> [WHAT TO PRODUCE] Output all of the lines below exactly, and leave out each image.

> [DATA SECTION]
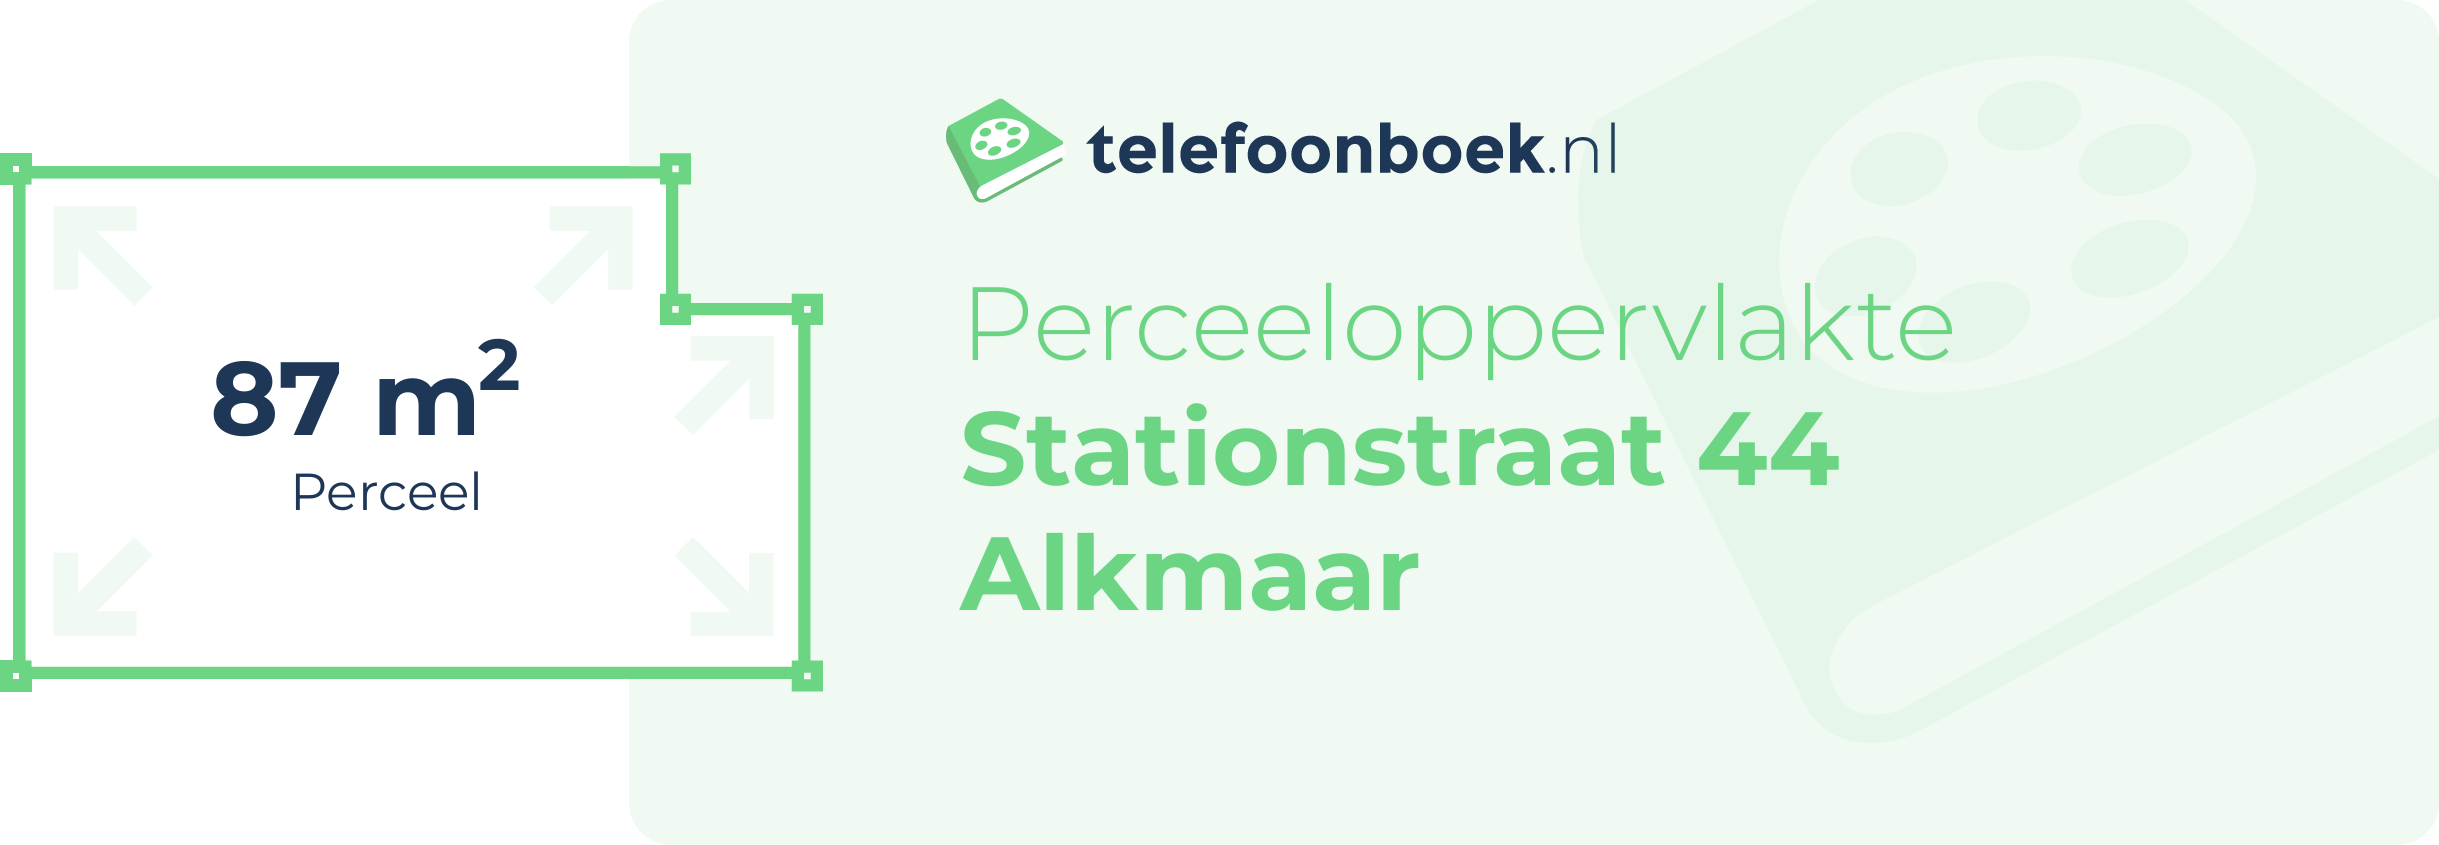 Perceeloppervlakte Stationstraat 44 Alkmaar
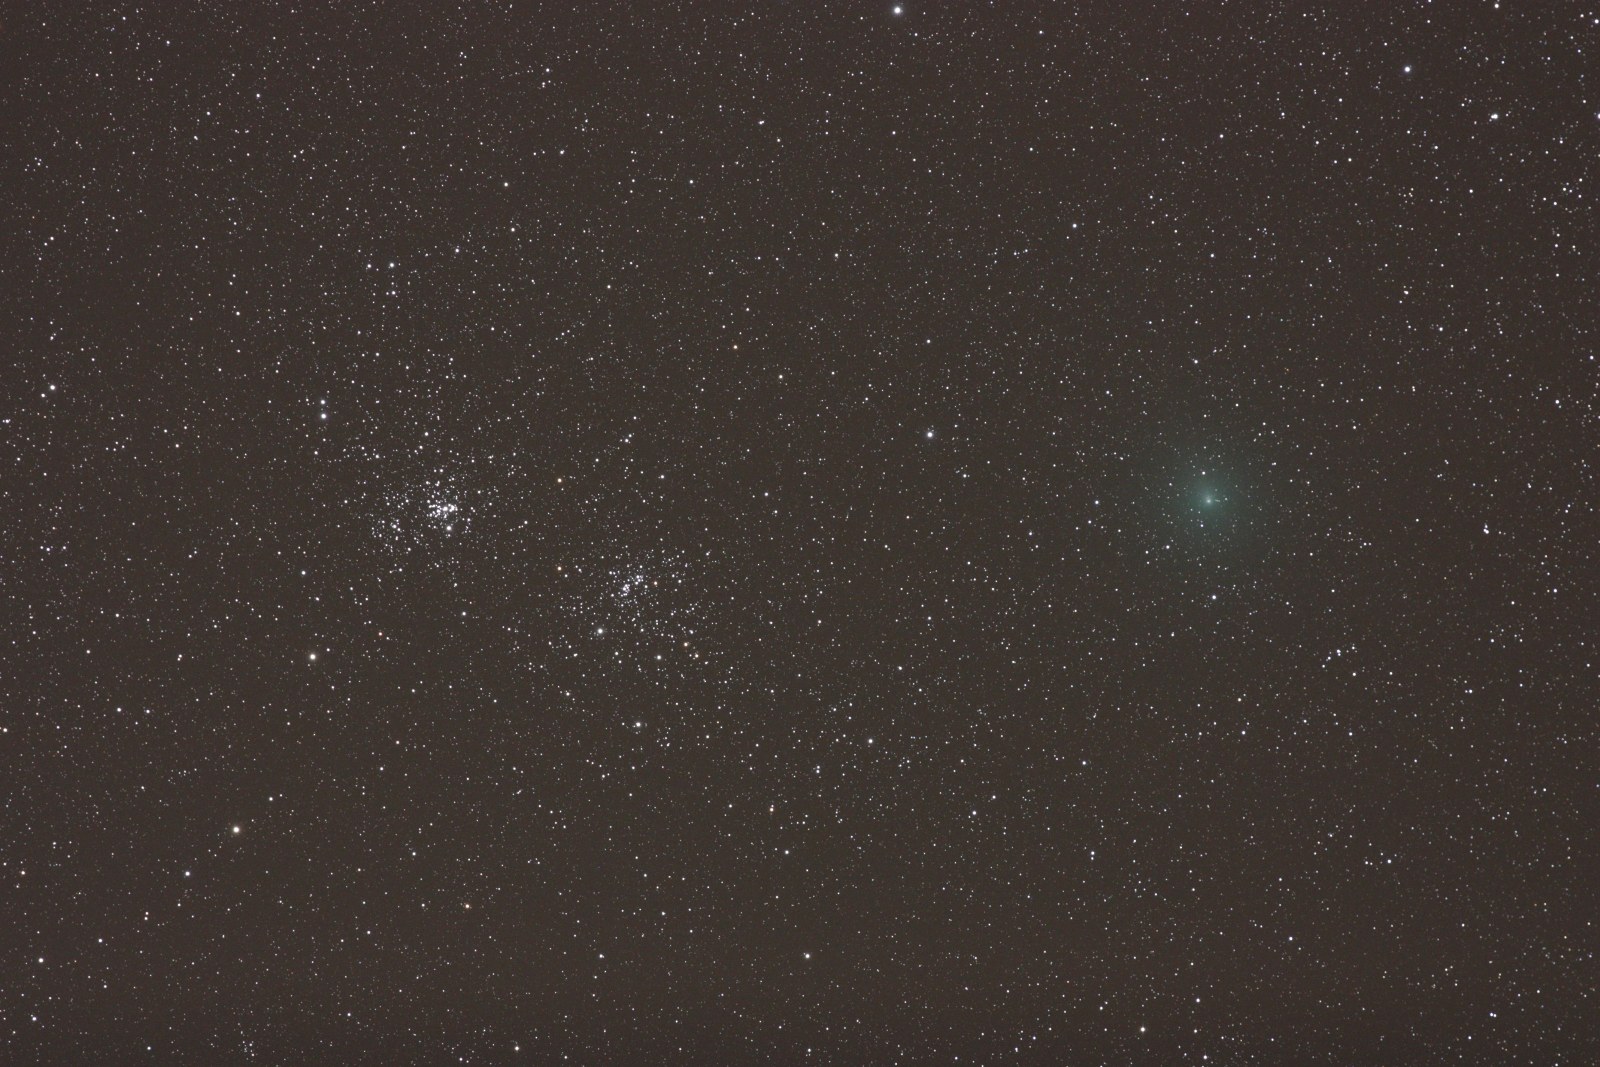 Komet Hartley 103P bei h+chi
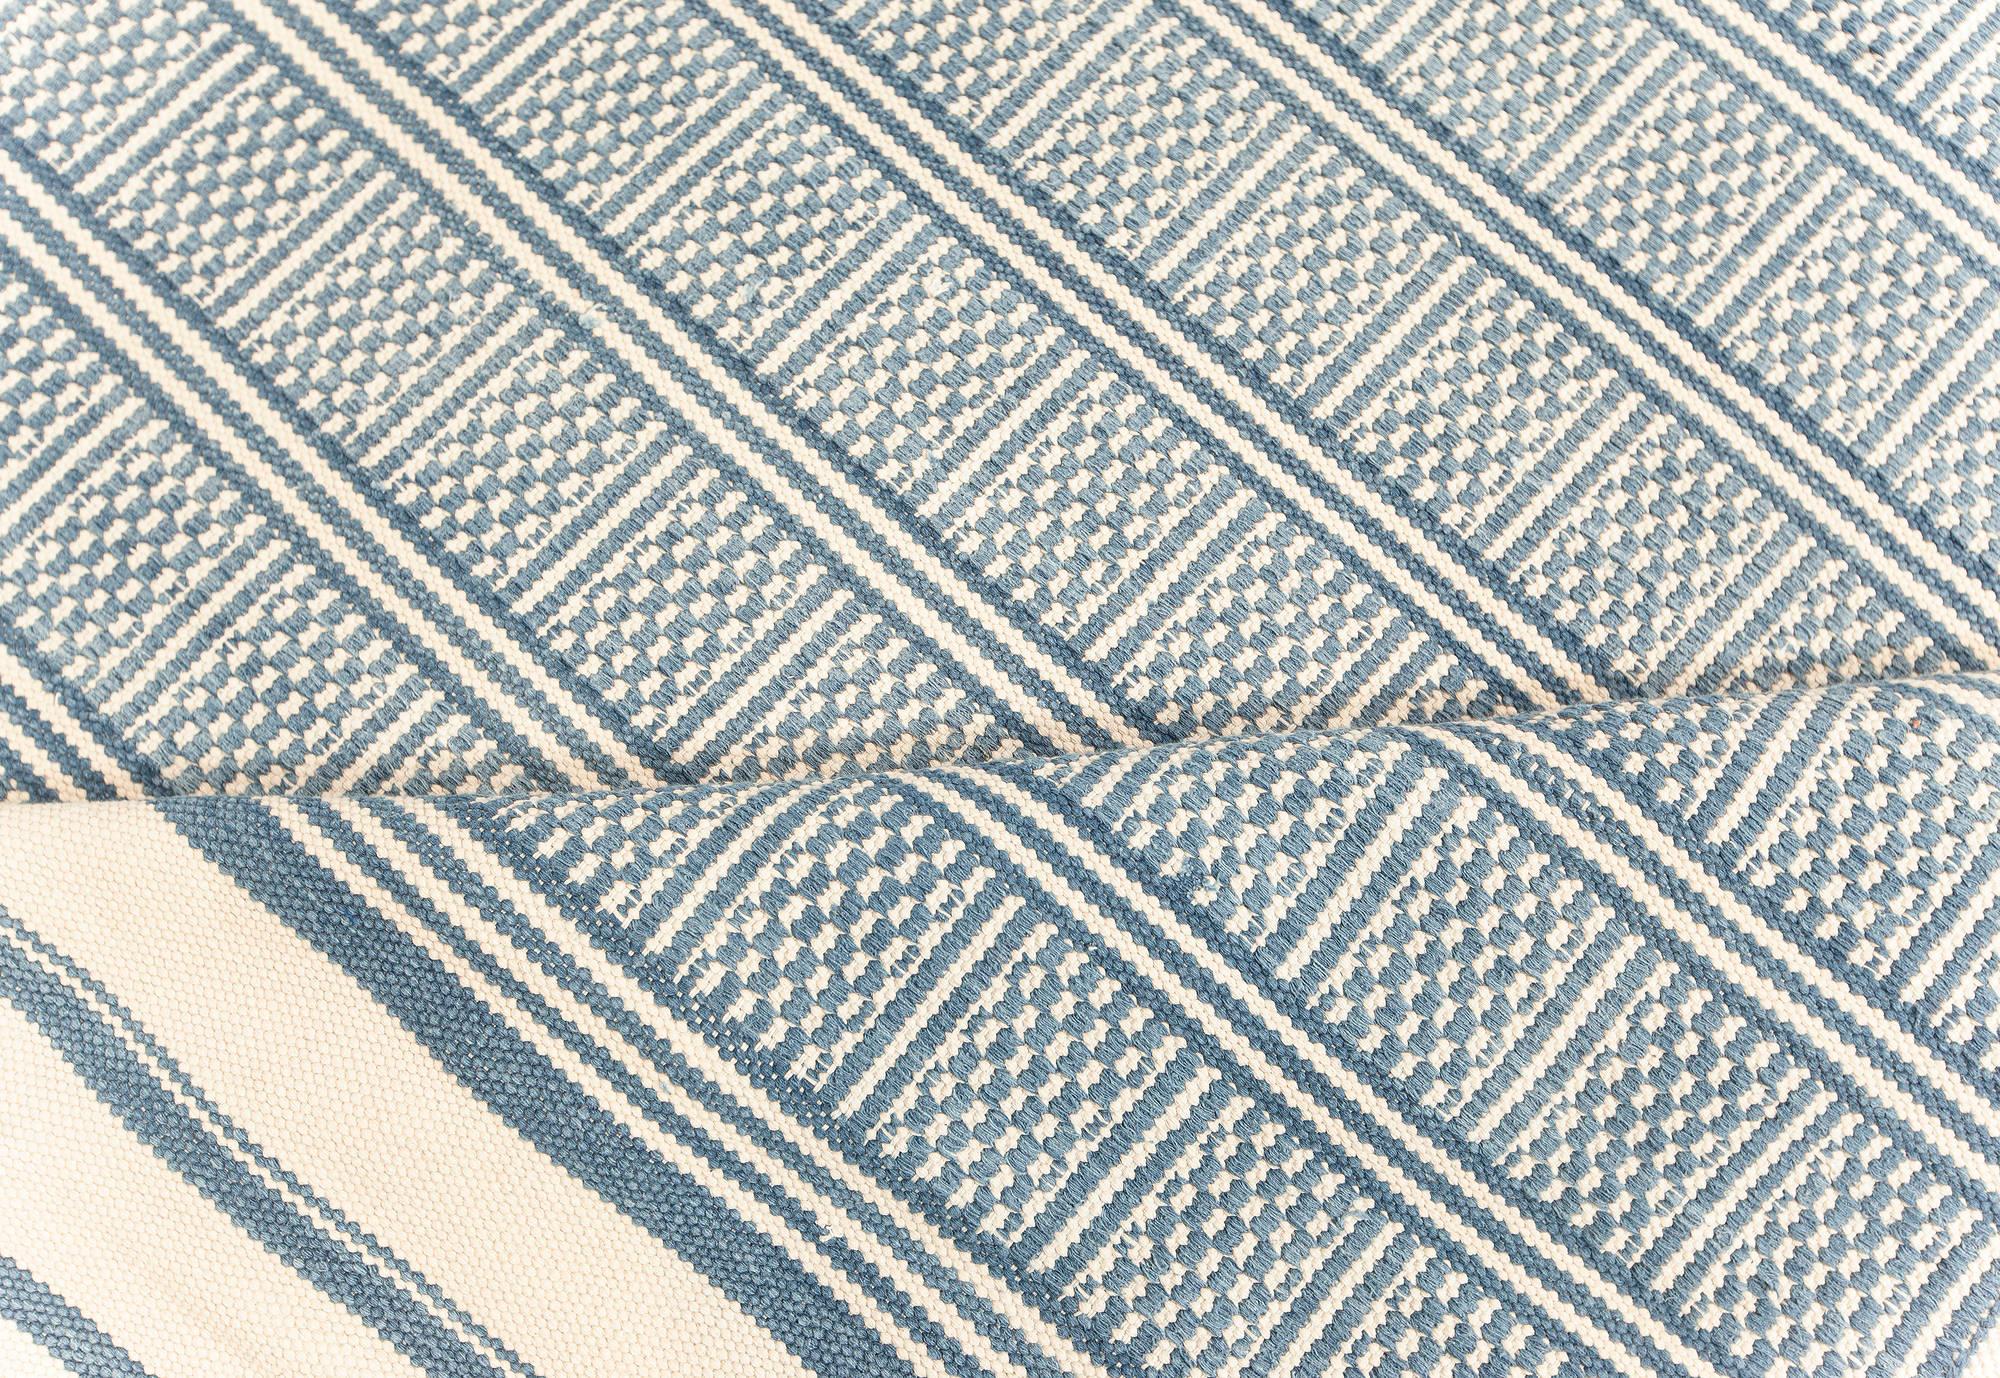 Modern geometric oversized dhurrie blue and white rug by Doris Leslie Blau.
Size: 16'0

> [ANSWER TO THIS TASK]
 Perceeloppervlakte Stationstraat 44 Alkmaar
 Komet Hartley 103P bei h+chi
 Modern geometric oversized dhurrie blue and white rug by Doris Leslie Blau.
Size: 16'0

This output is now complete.